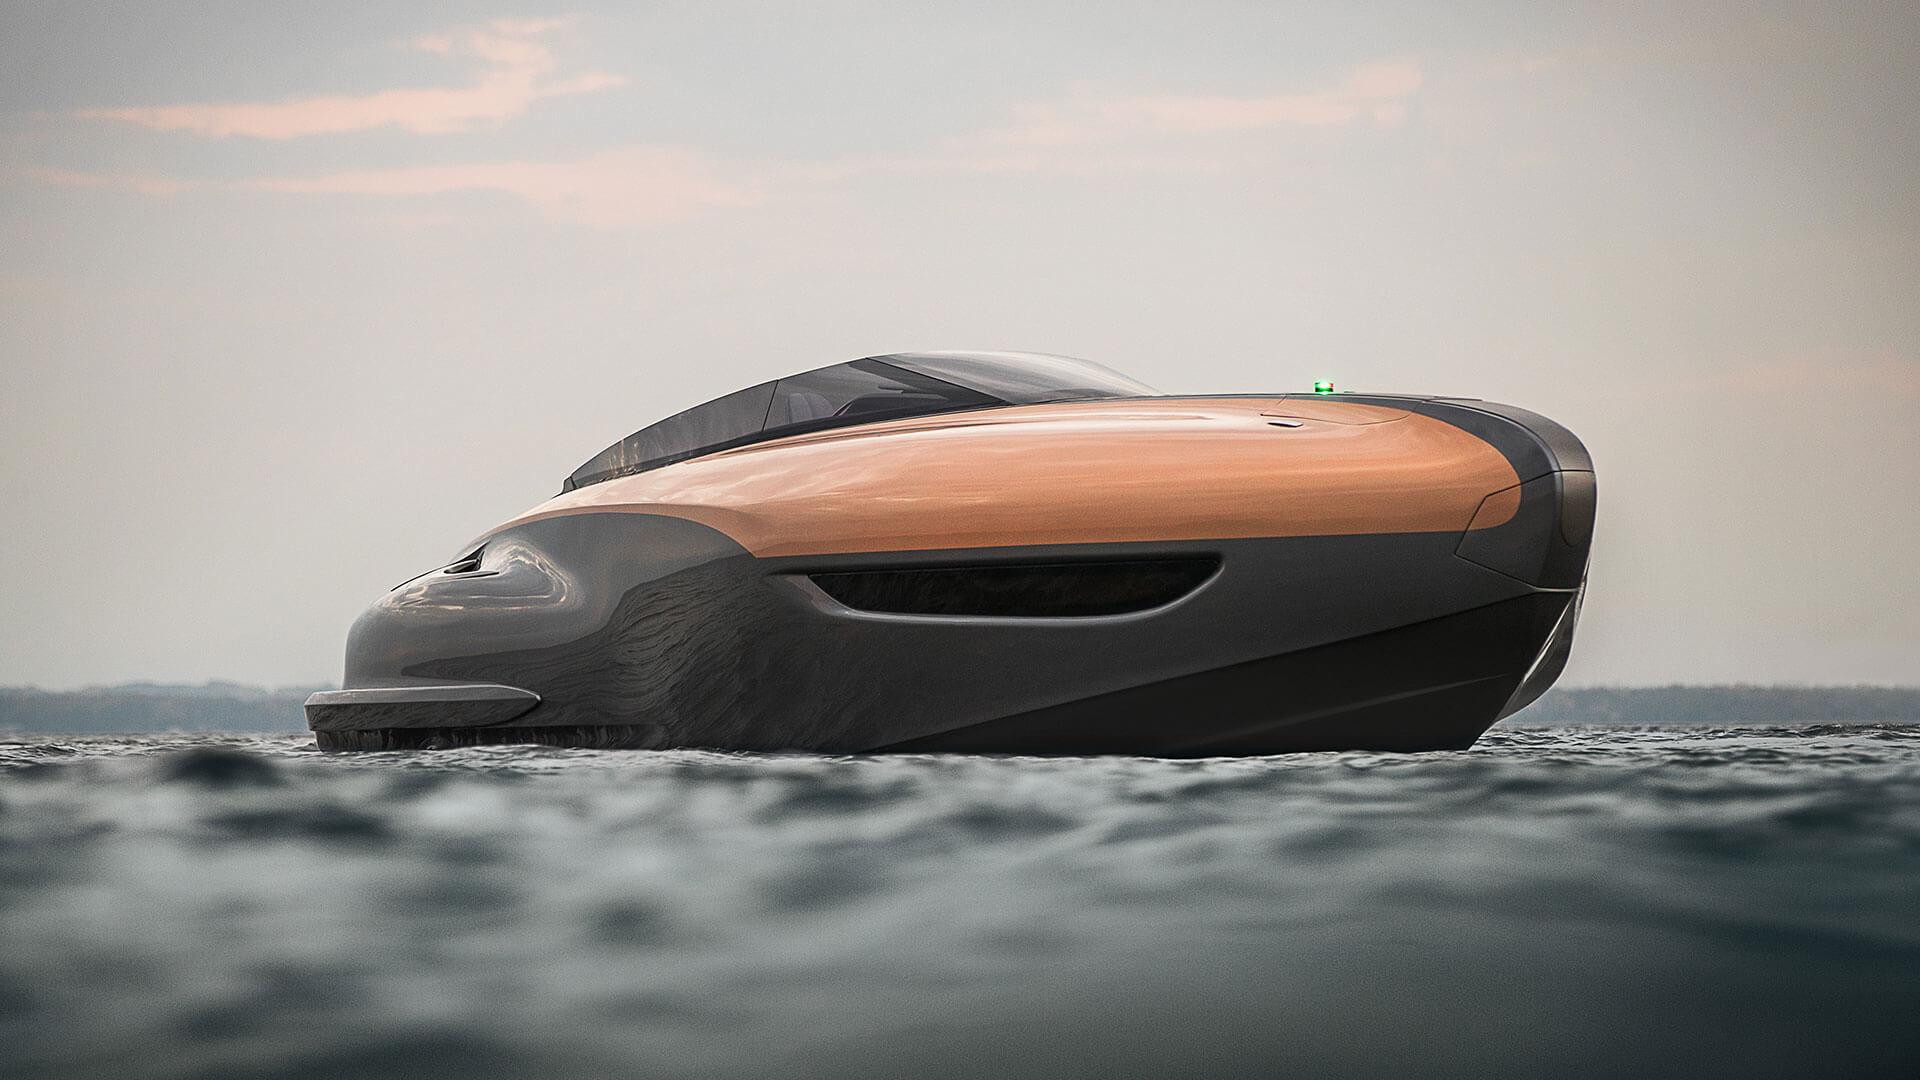 2017 lexus yacht gallery04
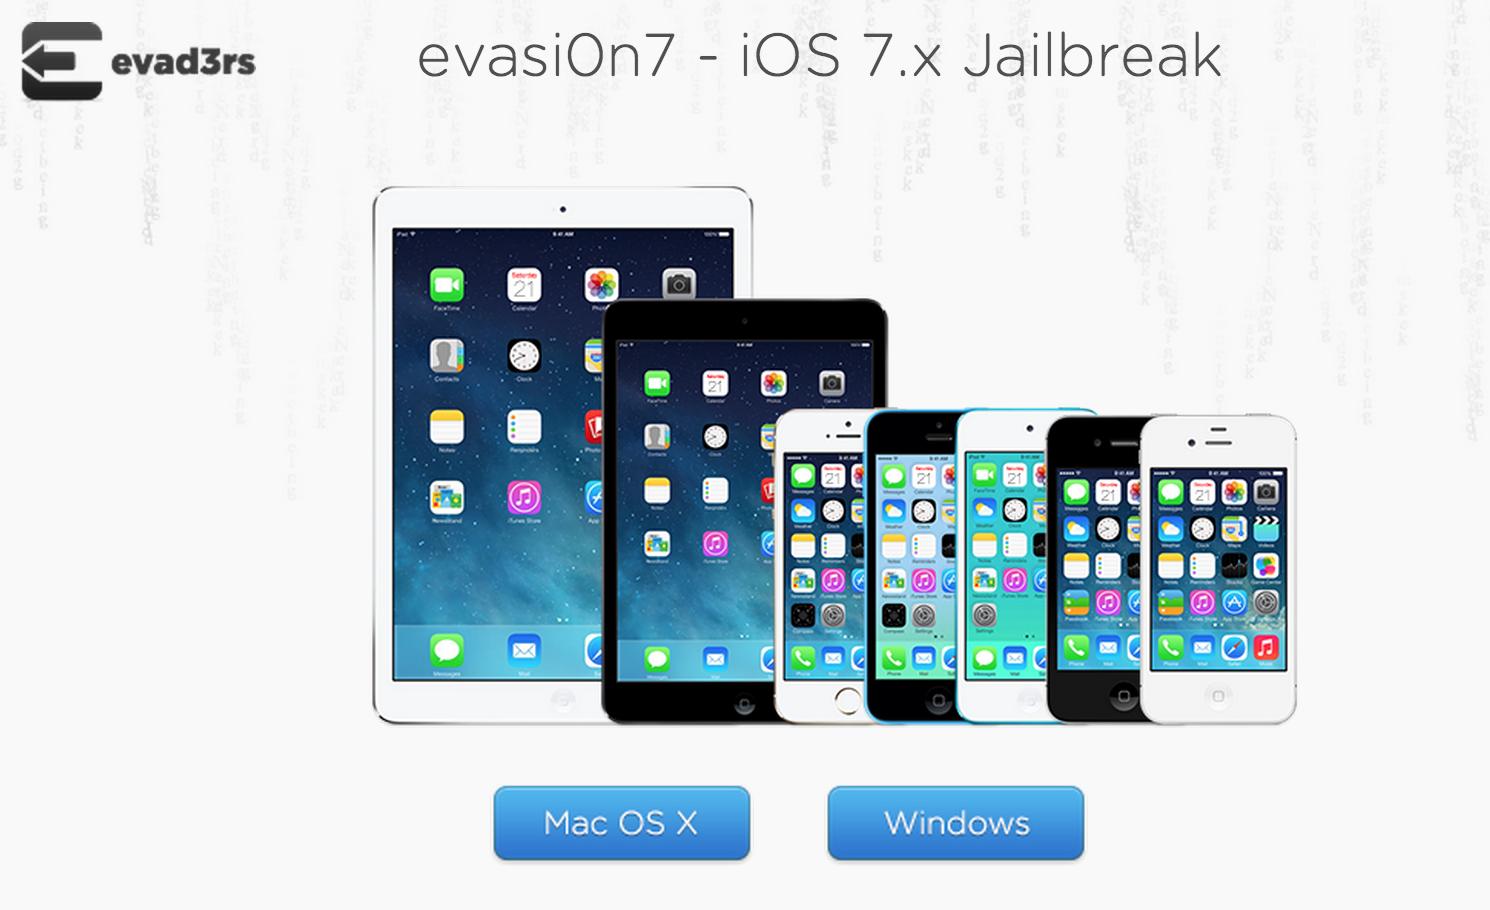 How to jailbreak iOS 7 using evasi0n7 Windows tutorial
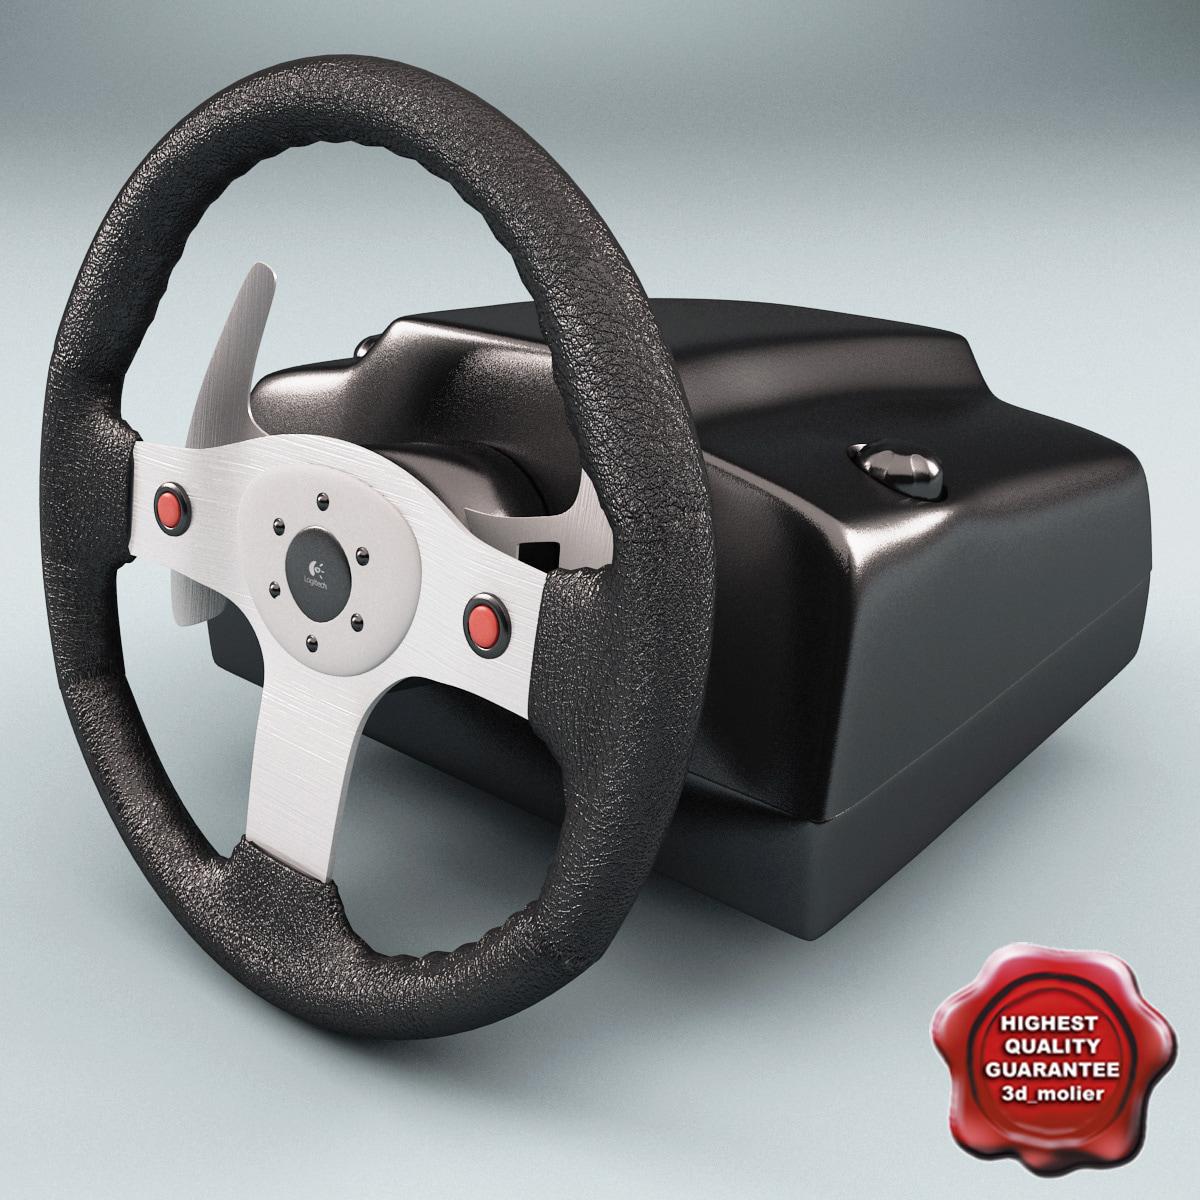 Logitech_Racing_Wheel_0.jpg
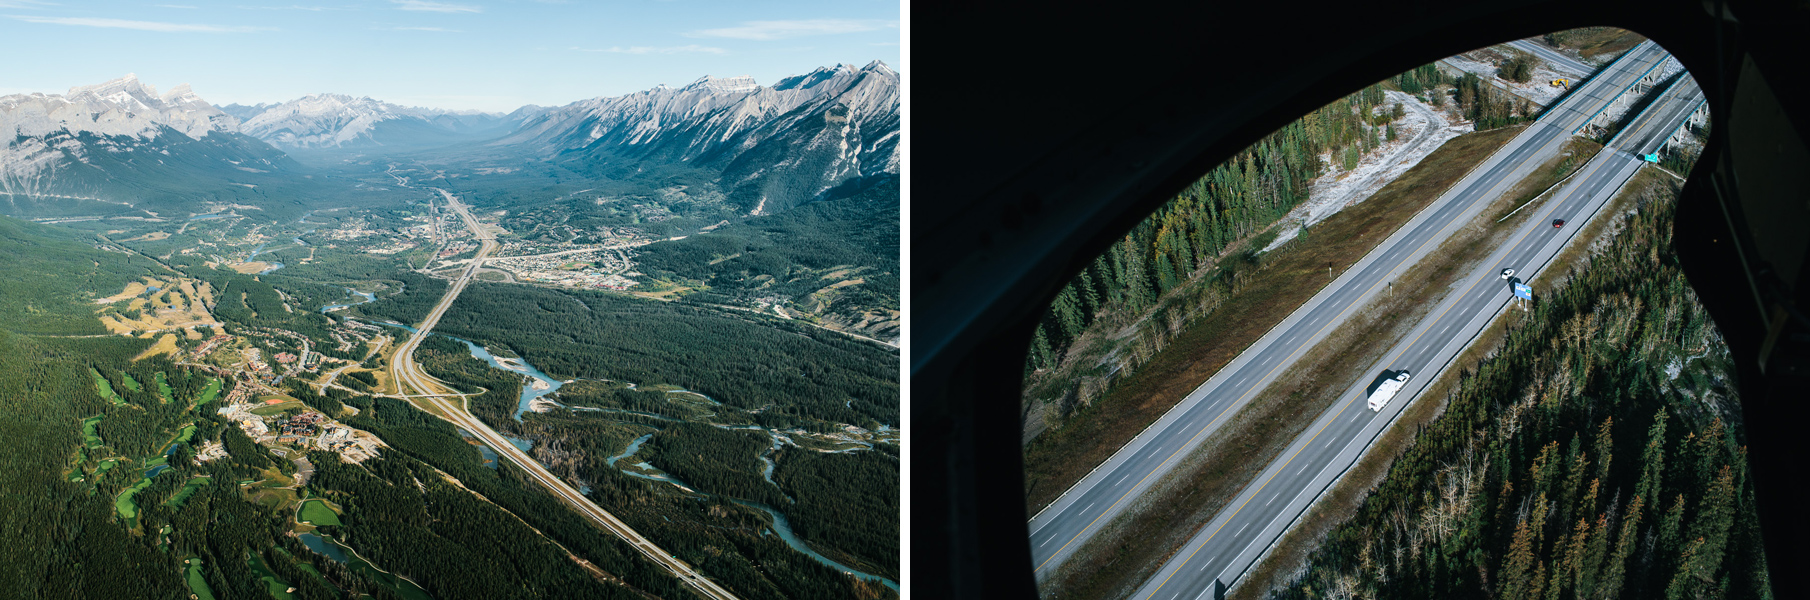 AlbertaCanada-201309-FinnBeales-05.jpg

————————

Exercise brief
Leave the images out. Set down all of the material above exactly.

Task response
 2017 lexus yacht gallery04
 How to jailbreak iOS 7 using evasi0n7 Windows tutorial
 Logitech_Racing_Wheel_0.jpg
 AlbertaCanada-201309-FinnBeales-05.jpg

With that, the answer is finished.